Exercise brief: Output only the lines below from the one holding "Baldinini Trend Sandalen" down to the one holding "[FSET-641] 搭訕現", both end lines included and every picture dropped.

Data to process:
┄┄┄┄┄┄
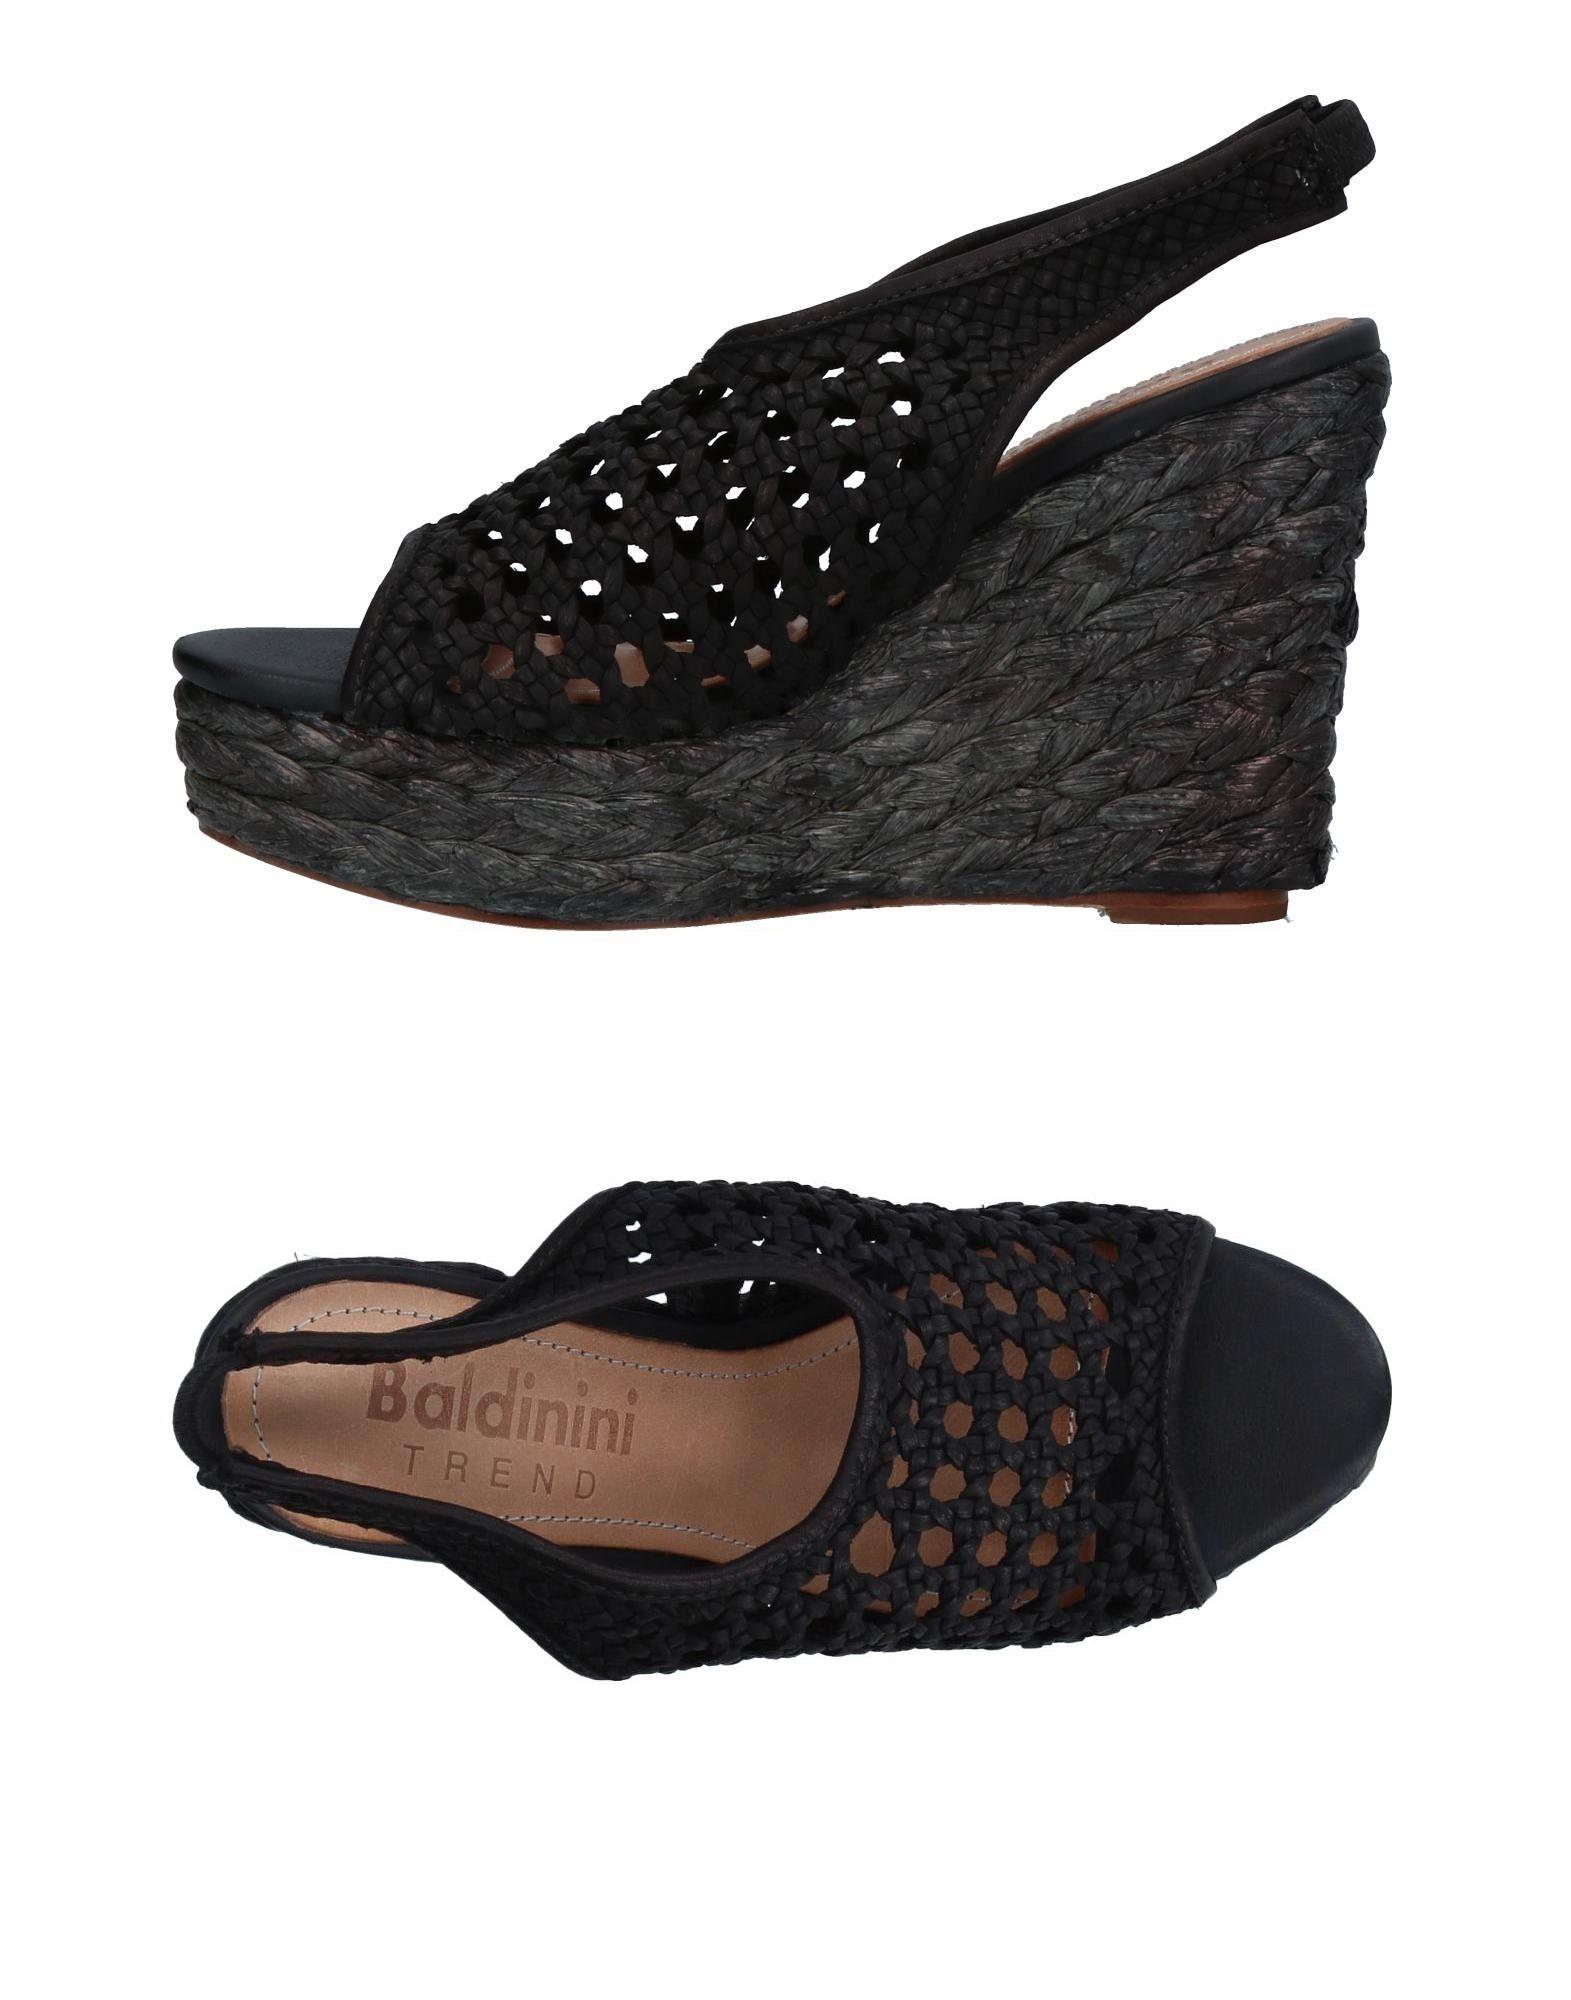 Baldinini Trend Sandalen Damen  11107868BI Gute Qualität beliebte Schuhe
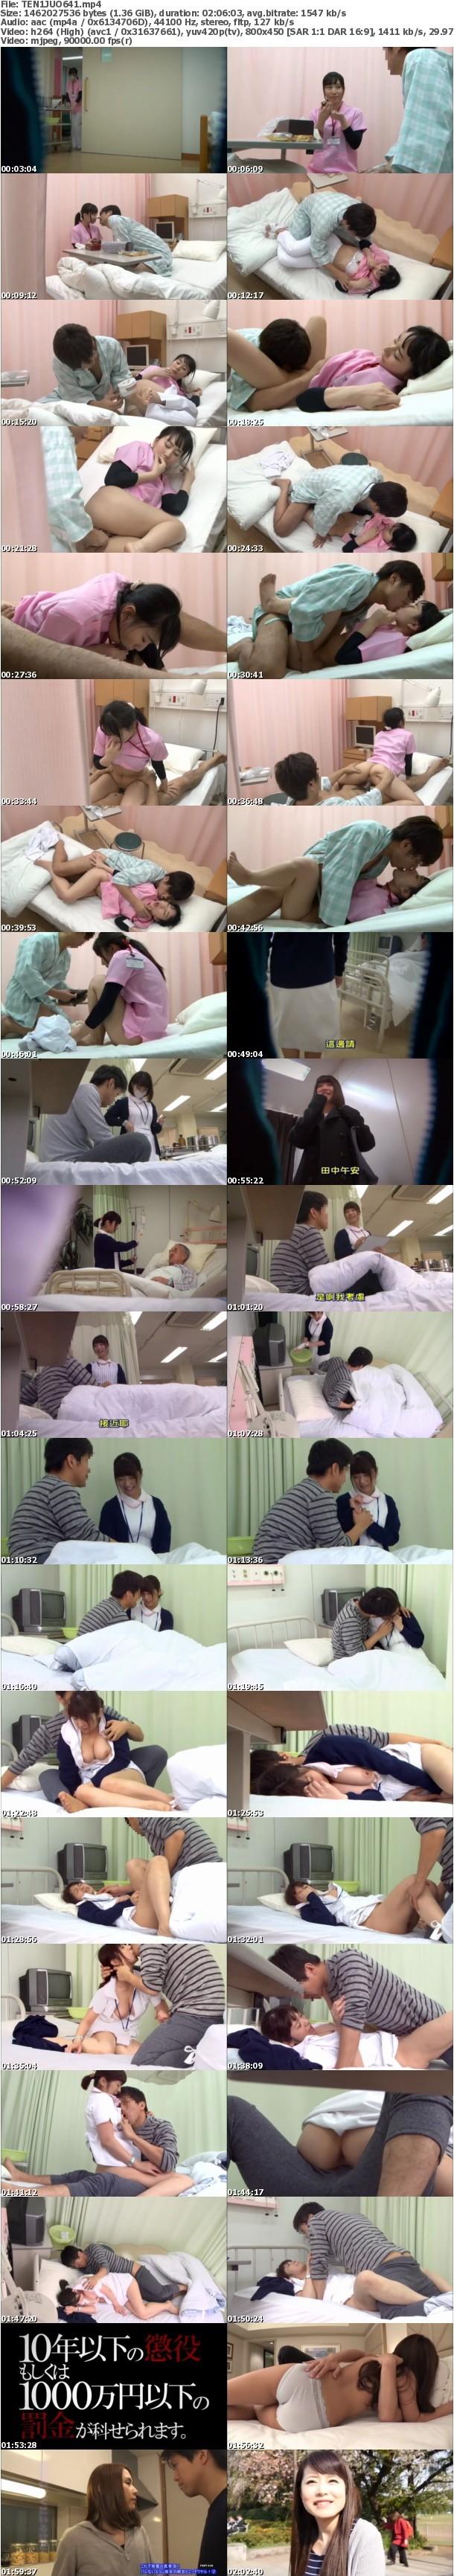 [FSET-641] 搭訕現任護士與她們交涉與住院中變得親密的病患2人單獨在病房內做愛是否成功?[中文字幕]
┄┄┄┄┄┄
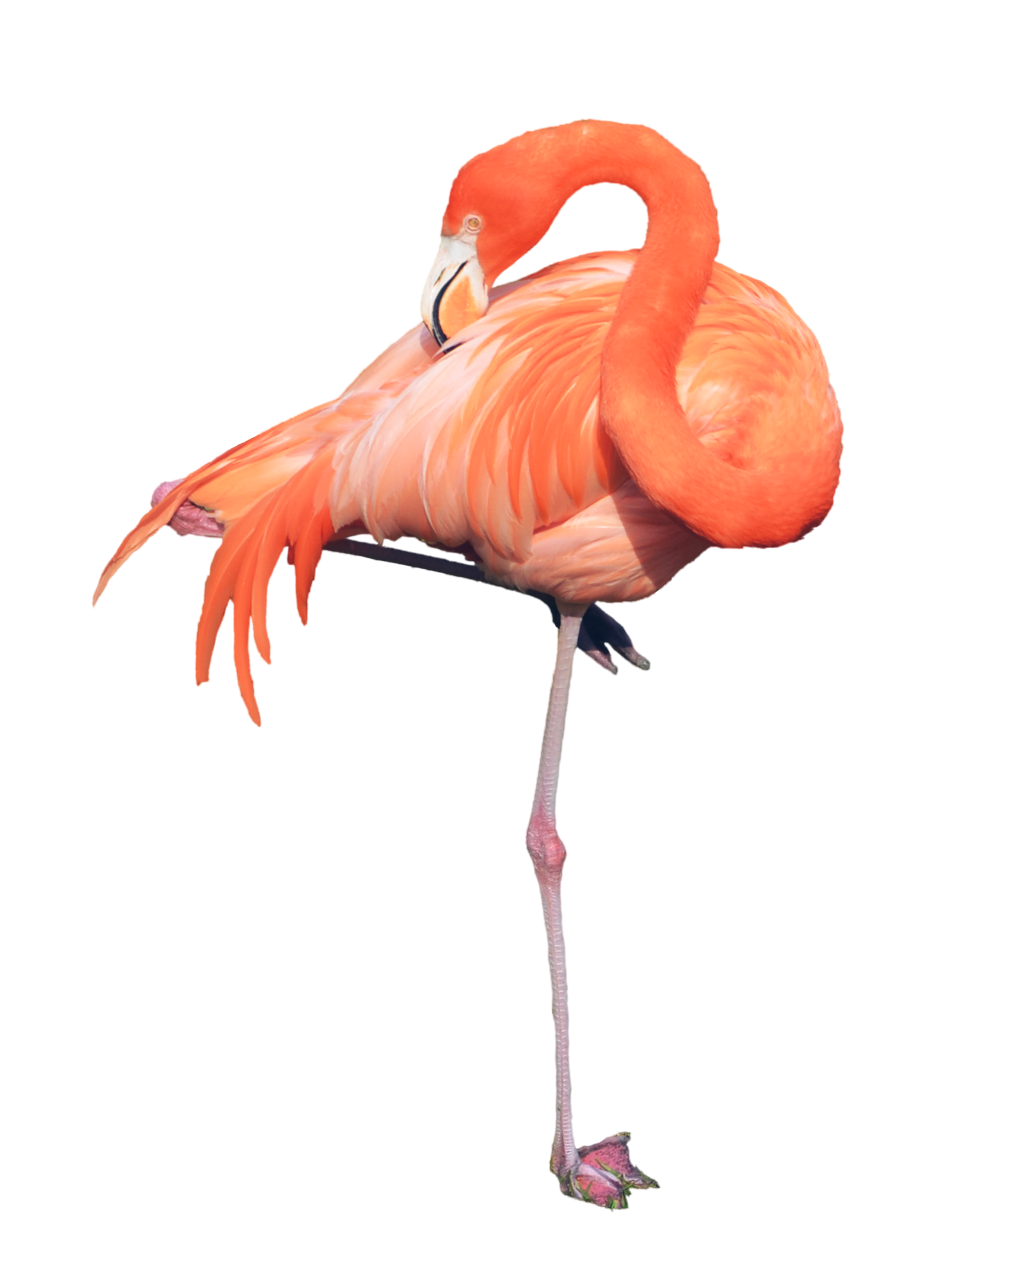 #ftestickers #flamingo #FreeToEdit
┄┄┄┄┄┄
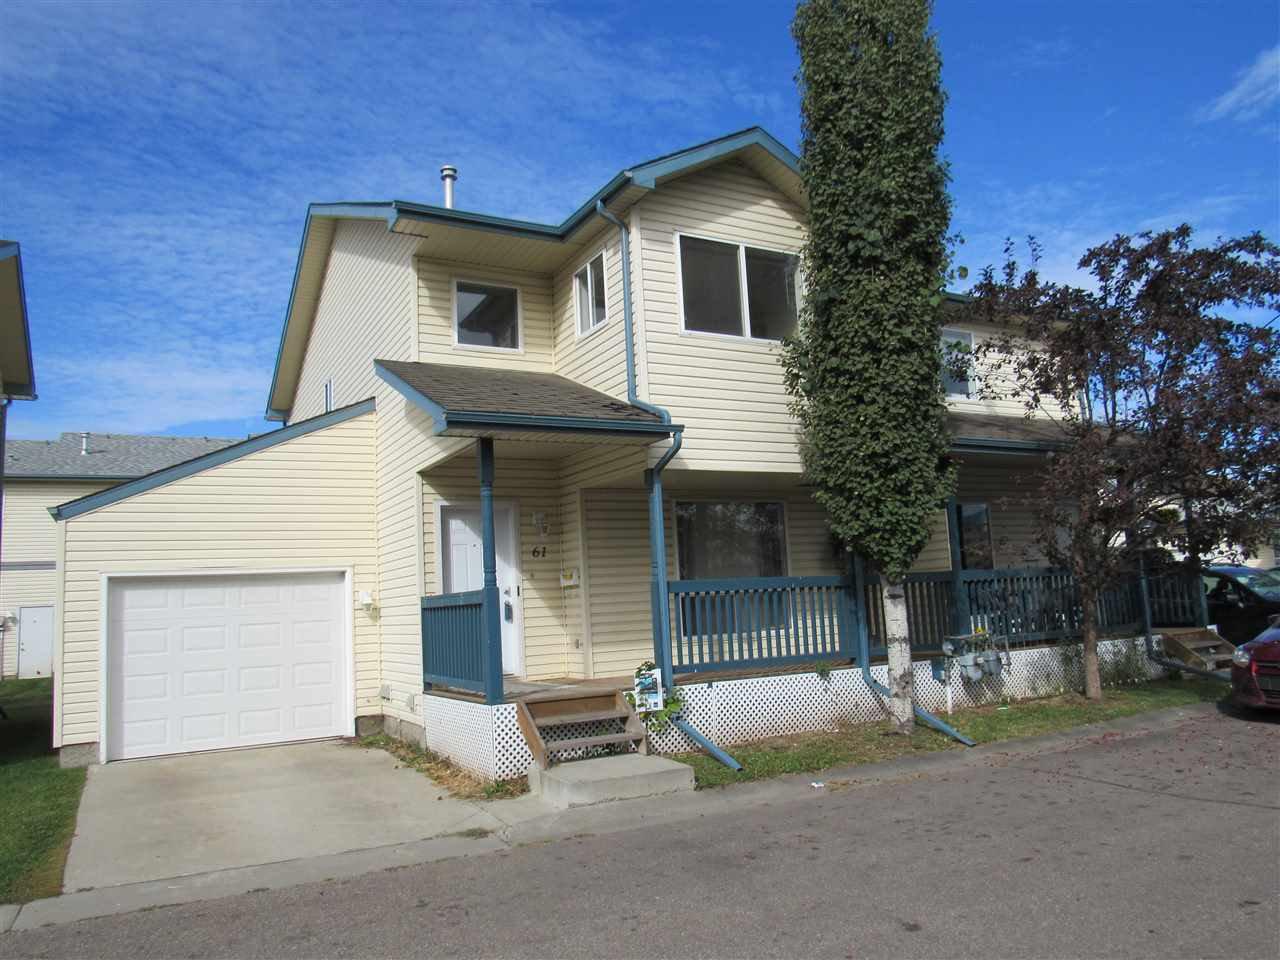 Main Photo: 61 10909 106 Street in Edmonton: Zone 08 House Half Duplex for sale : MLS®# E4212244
┄┄┄┄┄┄
Written answer:
 Baldinini Trend Sandalen Damen  11107868BI Gute Qualität beliebte Schuhe
 [FSET-641] 搭訕現任護士與她們交涉與住院中變得親密的病患2人單獨在病房內做愛是否成功?[中文字幕]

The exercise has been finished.